# Bettas (Siamese fighters) with dwarf puffers



## Yannick (Apr 26, 2013)

Hi guys 

Do you think that a dwarf puffer and bettas would be alright together or do you think that they would rip each other to shreds.
Any advice would be help full

cheers

Yann


----------



## coralbandit (Jul 29, 2012)

I think you picked two fish that generally do best in species only or individual tanks.Combing the two IMO would seem like mortal kombat(literally).


----------



## hotwingz (Mar 3, 2013)

I can't say they would kill each other. But their tank needs are so far apart. I would pick one or the other.


----------



## Yannick (Apr 26, 2013)

Do you think that they will be alright in a large tank were they can get away from each other


----------



## majerah1 (Oct 29, 2010)

They are both way too aggressive to be housed together.


----------



## coralbandit (Jul 29, 2012)

Like Hotwingz said they are so far on opposite ends of requirements(one wanting brackish{super high pH},and the other prefer neutral pH) that they (even if they could get along,I don't think they could either) just don't belong in the same tank with the same water.


----------



## Yannick (Apr 26, 2013)

Ok thank wil live it then cheers


----------



## coralbandit (Jul 29, 2012)

Keep asking! Better safe,and not wasting money for a hard lesson,then sorry.


----------



## dirtydutch4x (Jun 16, 2009)

dwarf puffers are true fresh water, I kept and bred my own for 2 years. I agree that they will most likely not mix, I had success but my betta's, at the risk of being hammered here, were raised from fry and kept in community tanks, with both male and female, but I attribute that to the fact that fish can have different dispositions as mine were raised socialized. I would not risk a betta that is used to being kept in a cup at an LFS in a community and for sure not with the DP's.


----------



## coralbandit (Jul 29, 2012)

dirtydutch4x said:


> dwarf puffers are true fresh water, I kept and bred my own for 2 years. I agree that they will most likely not mix, I had success but my betta's, at the risk of being hammered here, were raised from fry and kept in community tanks, with both male and female, but I attribute that to the fact that fish can have different dispositions as mine were raised socialized. I would not risk a betta that is used to being kept in a cup at an LFS in a community and for sure not with the DP's.

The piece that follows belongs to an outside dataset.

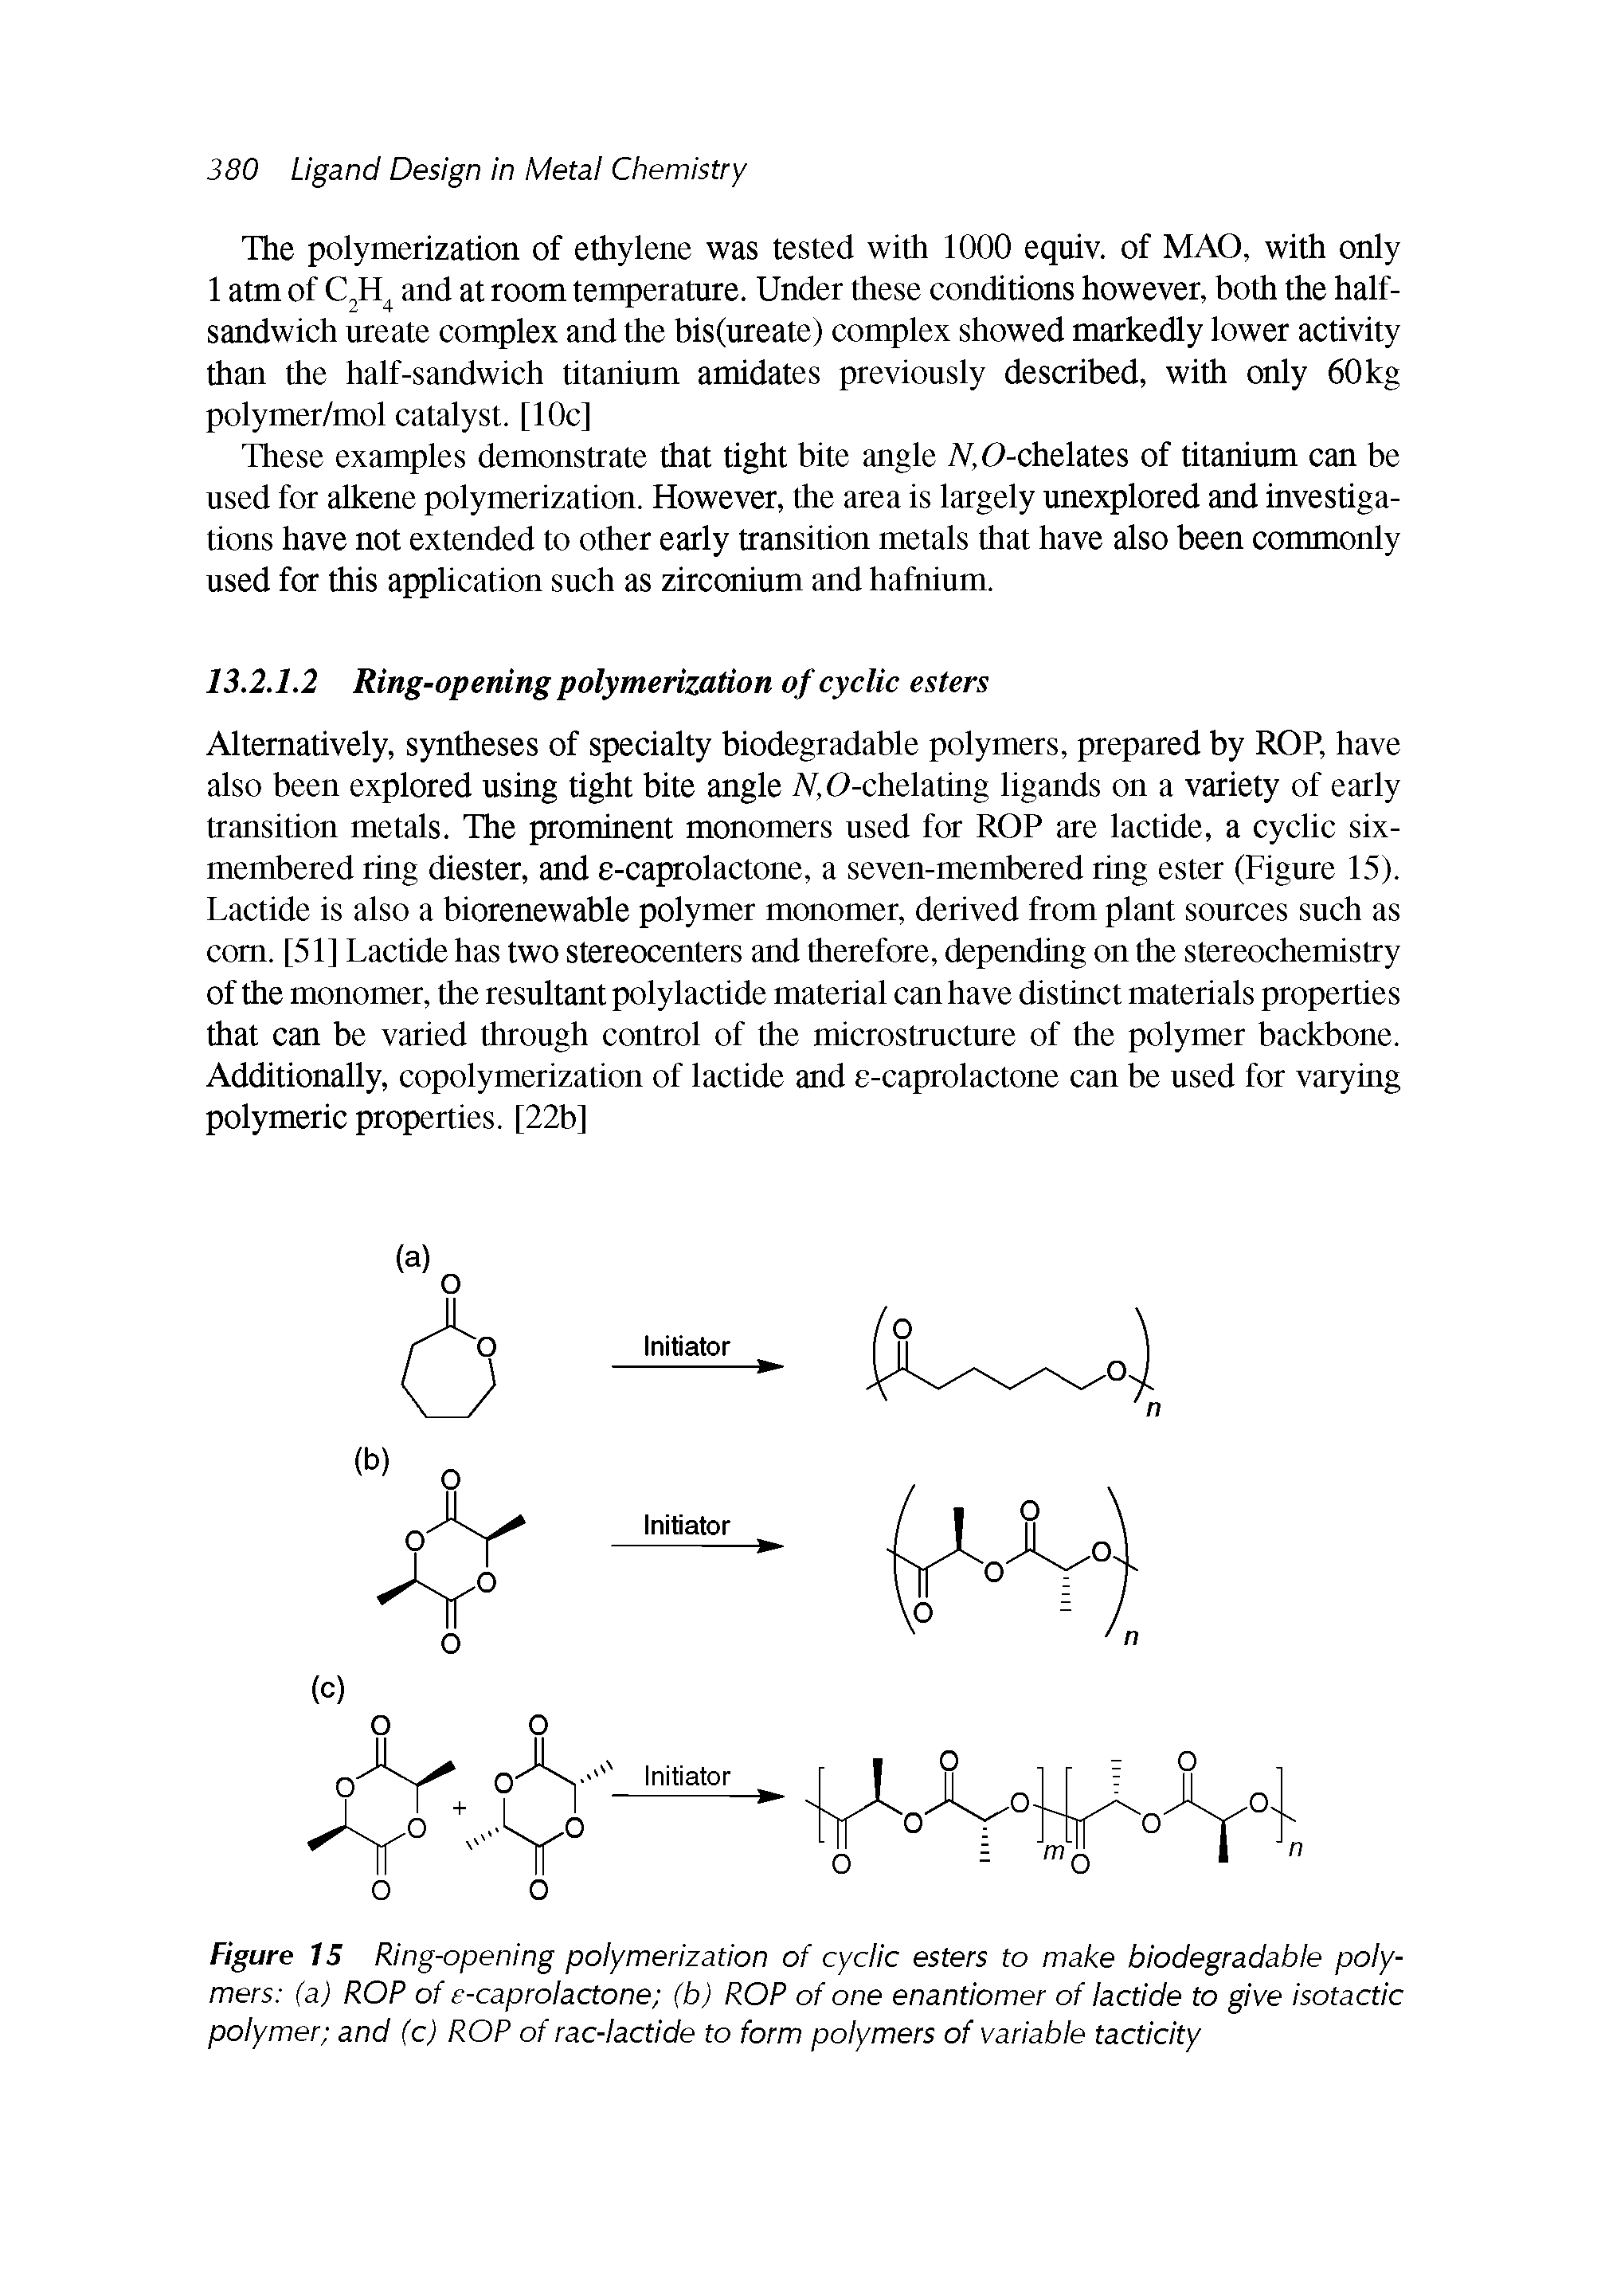 Figure 15 Ring-opening polymerization of cyclic esters to make biodegradable polymers (a) ROP of e-caprolactone (b) ROP of one enantiomer of lactide to give isotactic polymer and (c) ROP of rac-lactide to form polymers of variable tacticity...

Are all dwarfs fresh water or only certain species?I'll have to yield and admitt that I thought most prefer brackish.


----------



## Yannick (Apr 26, 2013)

Hi

Do you think they would be alright ina fancy goldfish tank 
( at 28 0c, 80 f)

cheers

yann


----------



## Kehy (Apr 19, 2011)

Well your fancy goldfish probably would appreciate a somewhat cooler tank, they're a temperate water fish. They'll likely be happier on the cooler end of 65-80 F. As for personalities, goldfish will eat whatever fits in their mouths, and puffers will _make _whatever fit in _their_ mouths. I wouldn't call them compatible.


----------



## dirtydutch4x (Jun 16, 2009)

I think there a few species that are freshwater but I am 100% sure of the dwarf puffers(pea puffer). goldfish would surely eat them.


----------